De VNG-publicatie stelt dat een gebied gezien kan worden als 'gemengd gebied' indien er sprake is van een matige tot sterke functiemenging of ligt nabij een hoofdontsluitingsweg. Het plangebied is gelegen ten westen van De Bleek. De directe omgeving van het plangebied bestaat uit woningen en (agrarische) bedrijvigheid. Er zijn enkele percelen met een bedrijfsbestemming en de N228 gelegen in de nabijheid van het plangebied. Derhalve is sprake van het omgevingstype 'gemengd gebied'. Om die reden kan de richtafstand, met uitzondering van het aspect gevaar, met één afstandsstap worden verminderd.

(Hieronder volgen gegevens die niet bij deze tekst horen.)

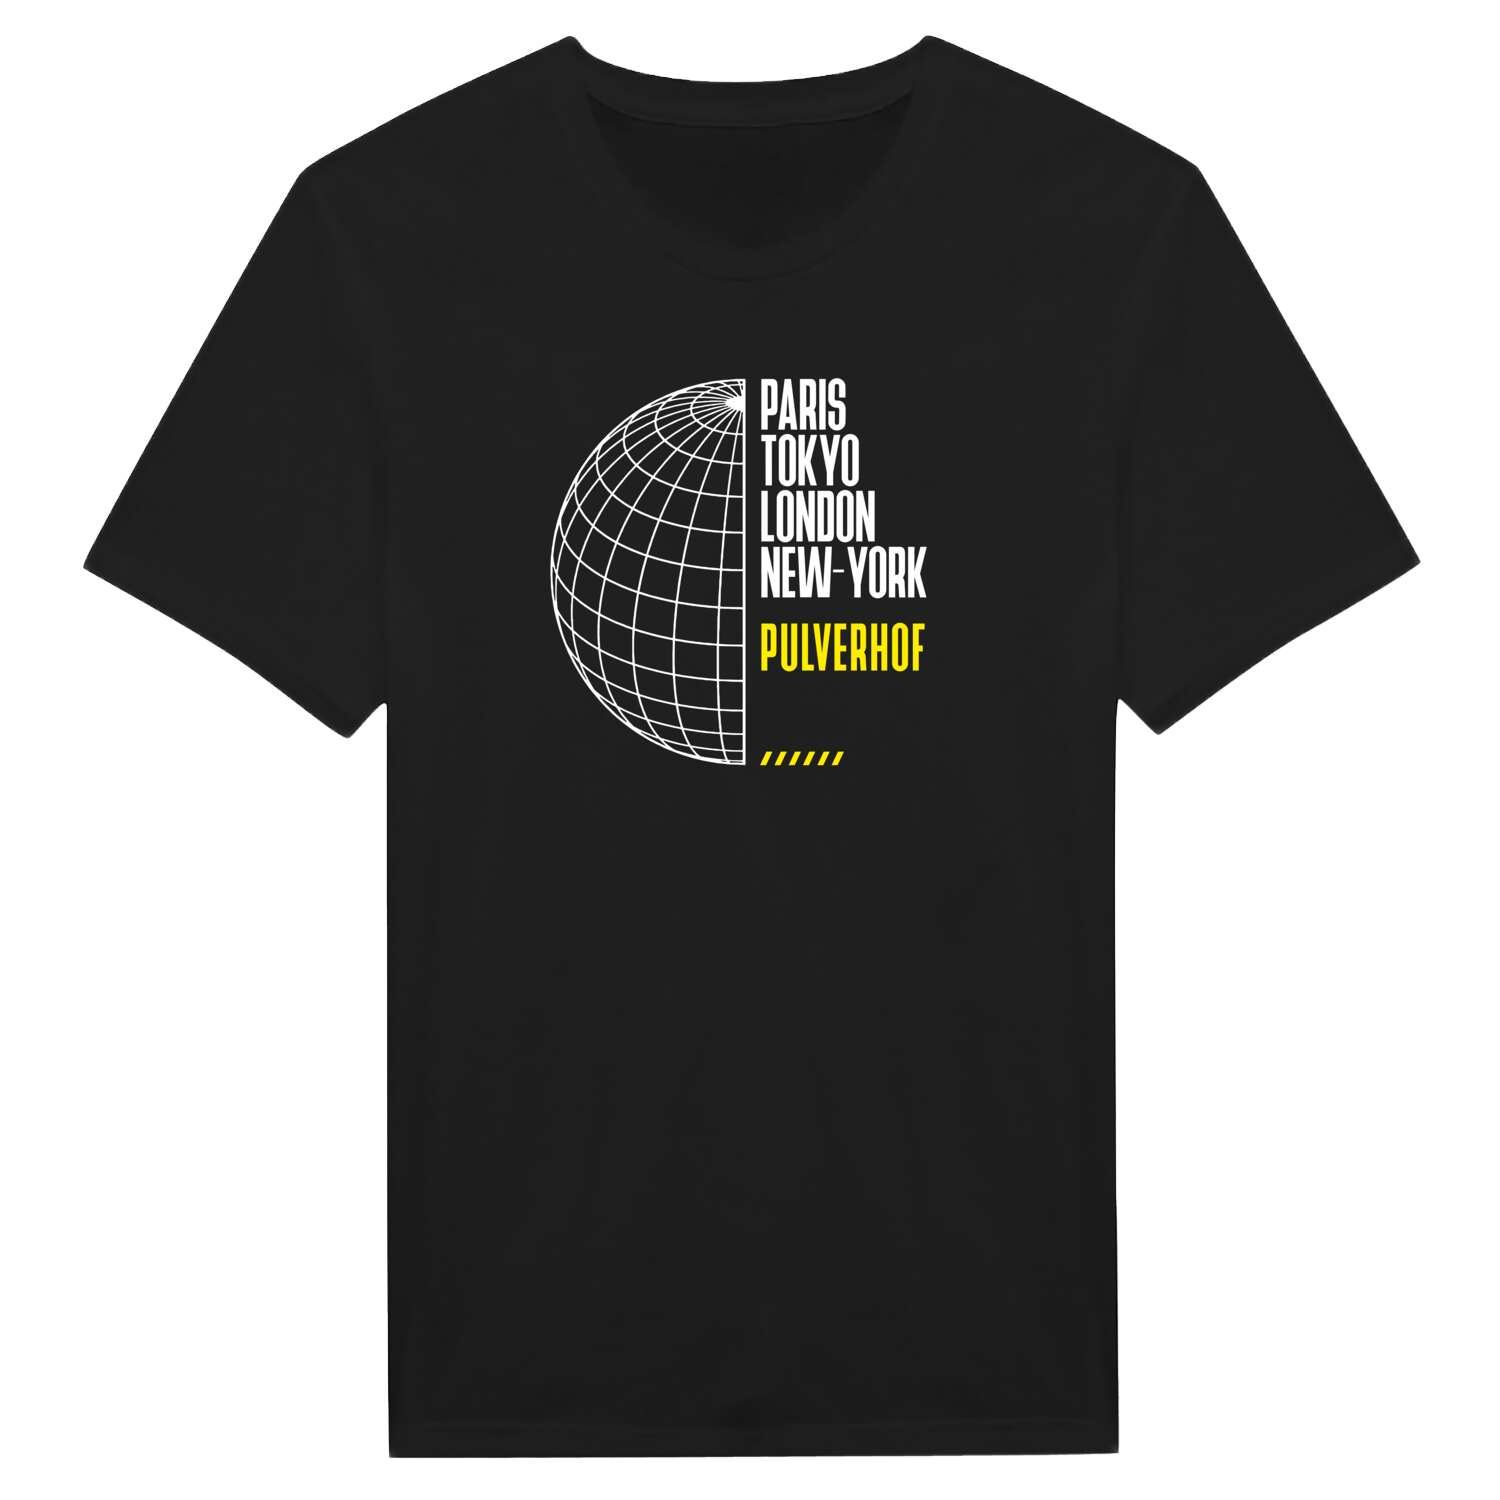 Pulverhof T-Shirt »Paris Tokyo London«
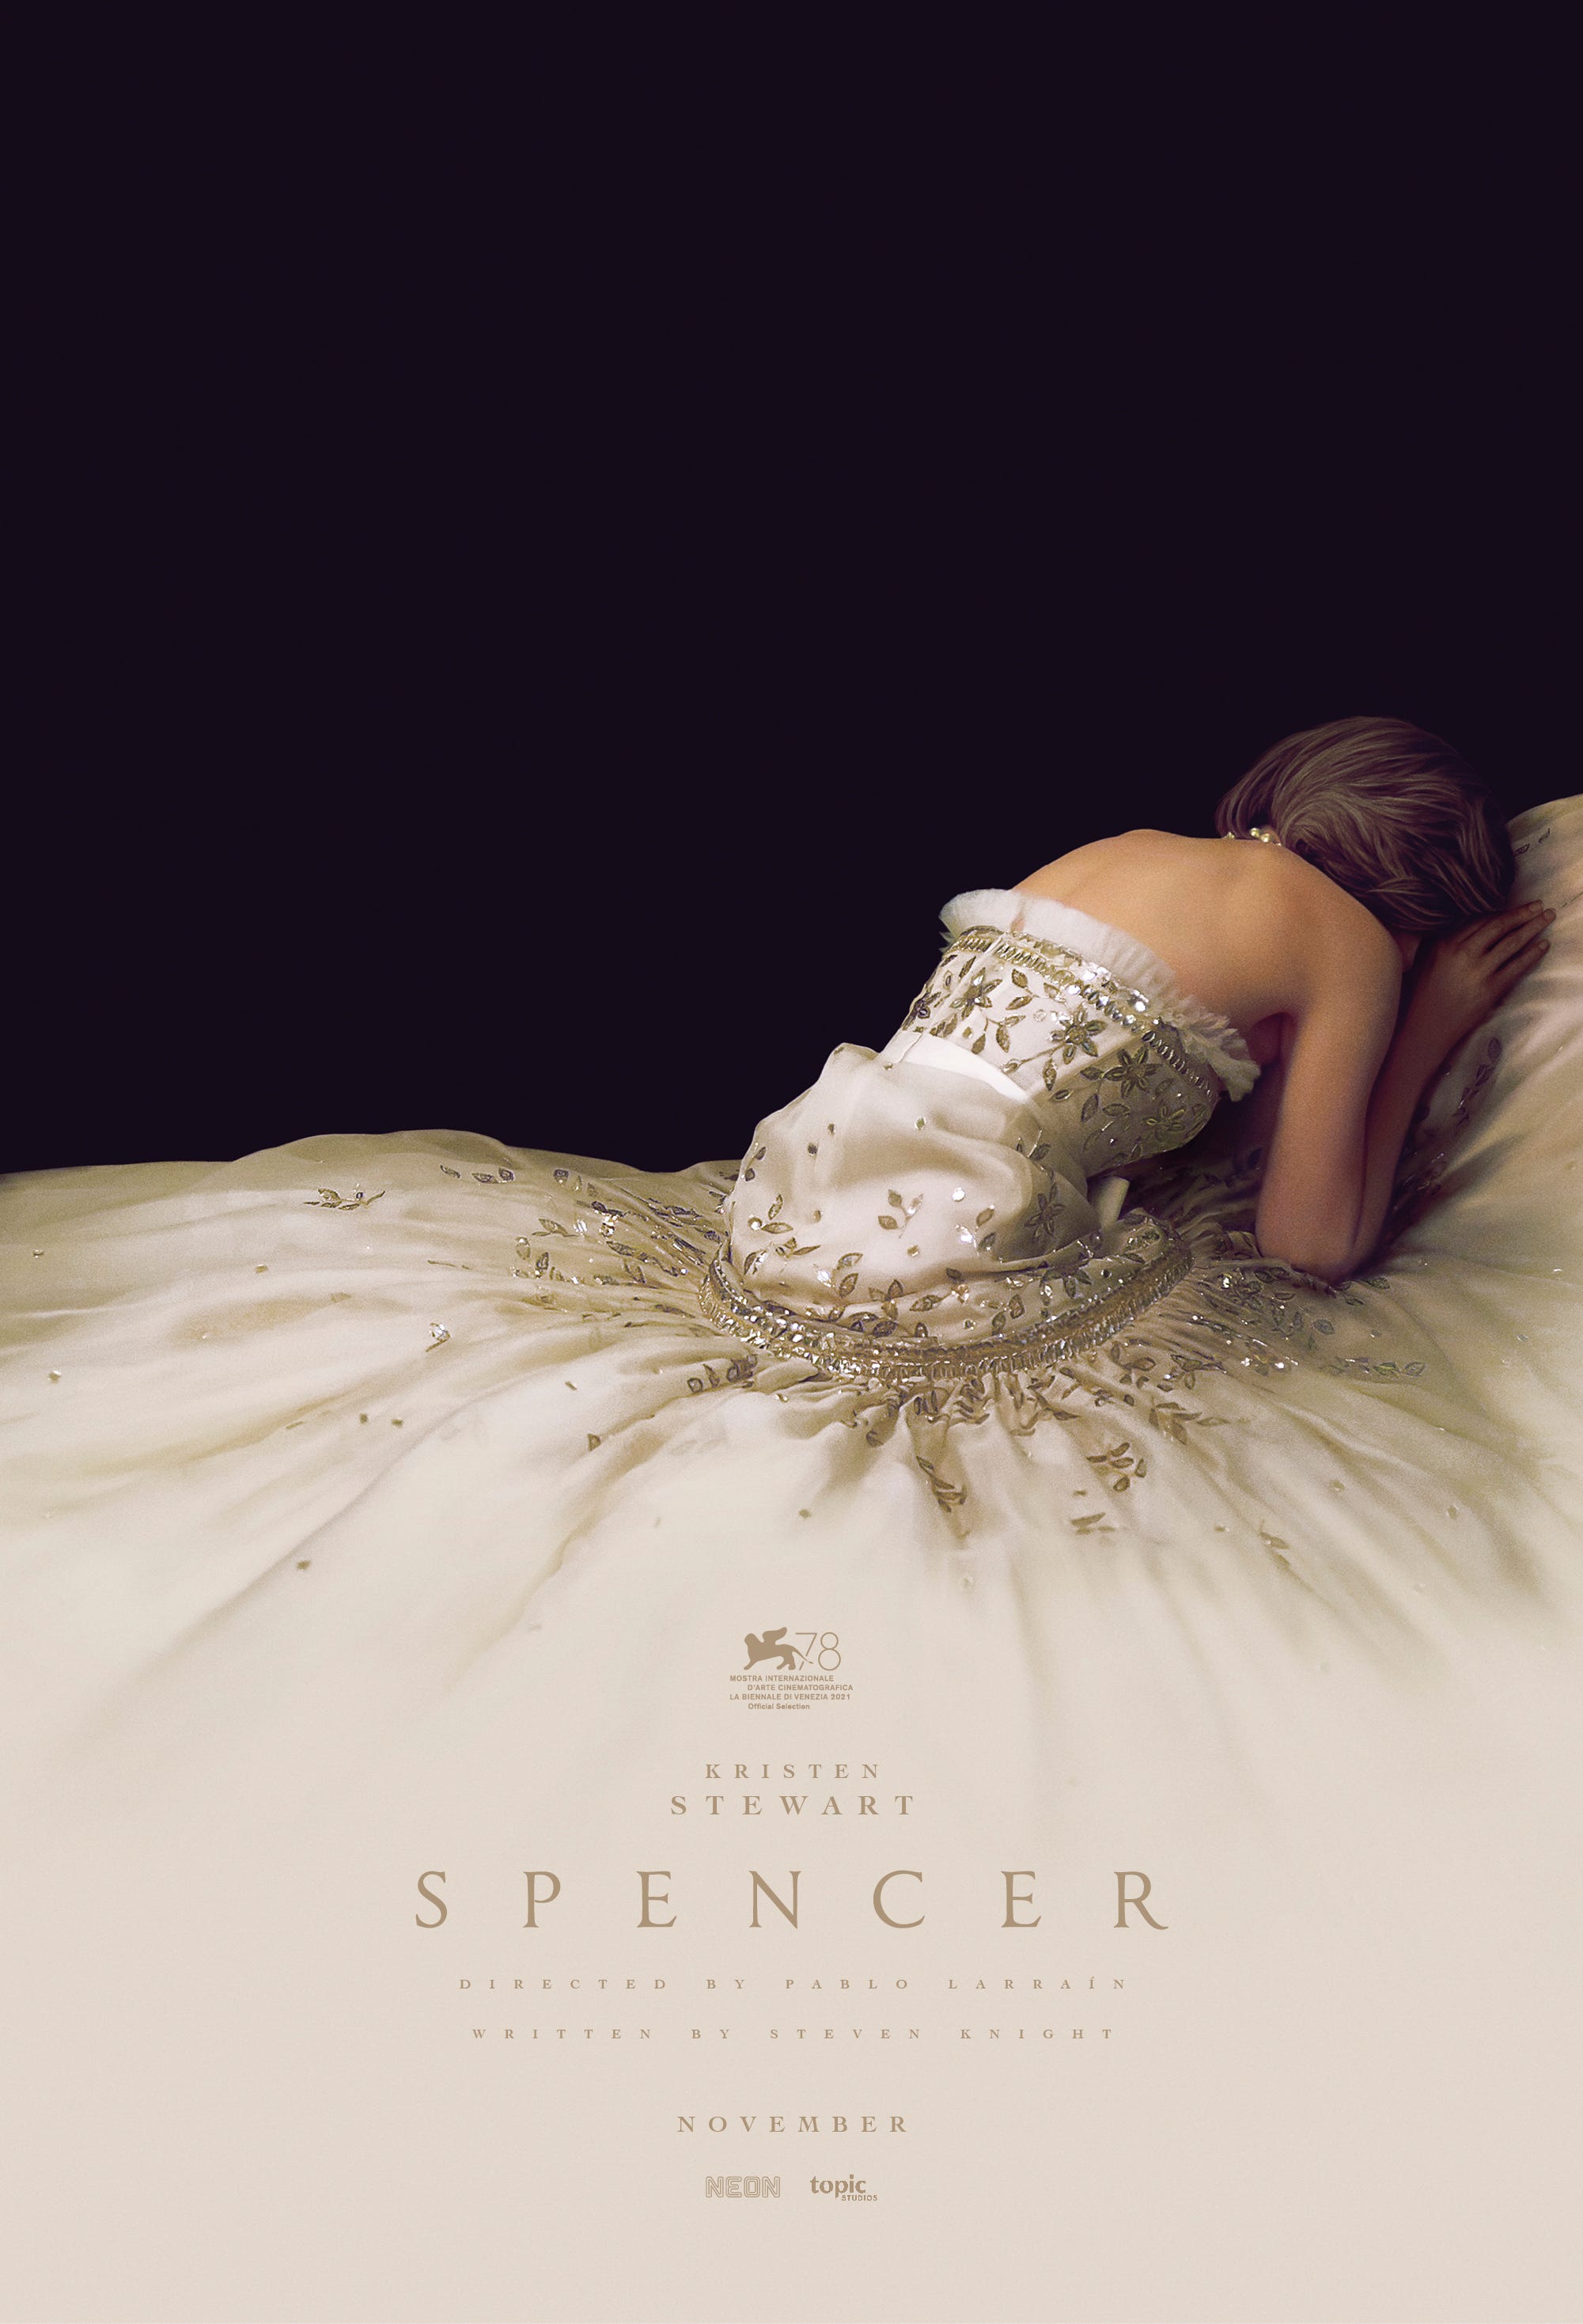 Spencer' trailer: Kristen Stewart's Princess Diana confronts Charles

Activiteit | SBI-2008 | Adres | Milieucategorie (maximaal toegestaan) | Richtafstand (gemengd gebied) | Minimale afstand tot de woningen |
Agrarisch bedrijf, melkveehouderij | 0141, 0142 | Willeskop 5, Montfoort | - | 50 m (Wgv /
Verordening lokaal geurbeleid) | 250 m |
Timmerwerkfabriek | 162 | Willeskop 30, Montfoort | 3.2 | 50 m | 118 m |
Constructiebedrijf aanhangers | 281 | Beneden Kerkweg 1(B) | 3.1 | 30 m | 0 m |
Uit de bovenstaande tabel volgt dat voor de Timmerwerkfabriek aan Willeskop 30 voldaan wordt aan de richtafstand. Daarnaast volt uit de tabel dat de beoogde woningen niet voor alle milieubelastende activiteiten in de omgeving van de locatie op voldoende afstand zijn gelegen. Deze activiteiten zullen daarom verder toegelicht worden. Verder moet worden nagegaan of de beoogde ontwikkeling milieubelastende activiteiten omvat. In onderhavig plan gaat het om de ontwikkeling van uitsluitend een woonfunctie en worden geen milieubelastende activiteiten mogelijk gemaakt.
Willleskop 5
Voor de melkrundveehouderij aan de Willeskop 5 geldt in principe een minimale afstand van 100 meter tot woningen binnen de bebouwde kom op grond van artikel 3.117 Activiteitenbesluit. Op 11 november 2010 is de Verordening lokaal geurbeleid landelijk gebied Montfoort vastgesteld. Hierin is geregeld dat tussen een veehouderij waar vaste afstandsdieren worden gehouden en een geurgevoelig object binnen de bebouwde kom ten minste 50 meter aangehouden moet worden. Aan deze afstand wordt voldaan voor de beoogde woningen in fase 1.
Beneden Kerkweg 3
Aan de Beneden Kerkweg 3 was ook een agrarisch bedrijf gevestigd. De bedrijfsvoering is al enige tijd terug gestaakt. In het kader van de planontwikkeling is met de ontwikkelende partij afspraken gemaakt over de overdracht van grond alsmede het herbestemmen van de bedrijfswoning en bedrijfsgebouwen naar wonen. Daarmee wordt dit object niet meer nader beschouwd in het kader van bedrijven en milieuzonering.
Beneden Kerkweg 1b
Aan Beneden Kerkweg 1b is een constructiebedrijf voor aanhangers gevestigd. Voor dit bedrijf geldt milieucategorie 3.1 waarbij een richtafstand van 30 m geldt. De beoogde woningen worden op korte afstand van dit bedrijf gerealiseerd. Voor het bedrijf aan de Beneden Kerkweg is in november 2020 akoestisch onderzoek uitgevoerd door Agel adviseurs in het kader van bestemmingsplan Benedenkerkweg 1b, Montfoort, waarmee op ca. 3 m afstand van dit bedrijf een woning mogelijk gemaakt wordt. Uit dit onderzoek blijkt dat de geluidsbelasting van het bedrijf beperkt is. De activiteiten op locatie zijn beperkt. Op locatie vindt onderhoud plaats, worden aanhangers verkoop klaar gemaakt en worden reparaties aan de aanhangwagens uitgevoerd. Deze activiteiten vinden inpandig plaats in het bestaande bedrijfspand. De uit te voeren werkzaamheden zijn vergelijkbaar met de werkzaamheden binnen een garagebedrijf. De werkzaamheden betreffen handmatige werkzaamheden waarbij in hoofdzaak handgereedschap wordt gebruikt. Binnen het bedrijf zijn 4 personen werkzaam. Binnen de bedrijfslocatie worden geen aanhangwagens gefabriceerd.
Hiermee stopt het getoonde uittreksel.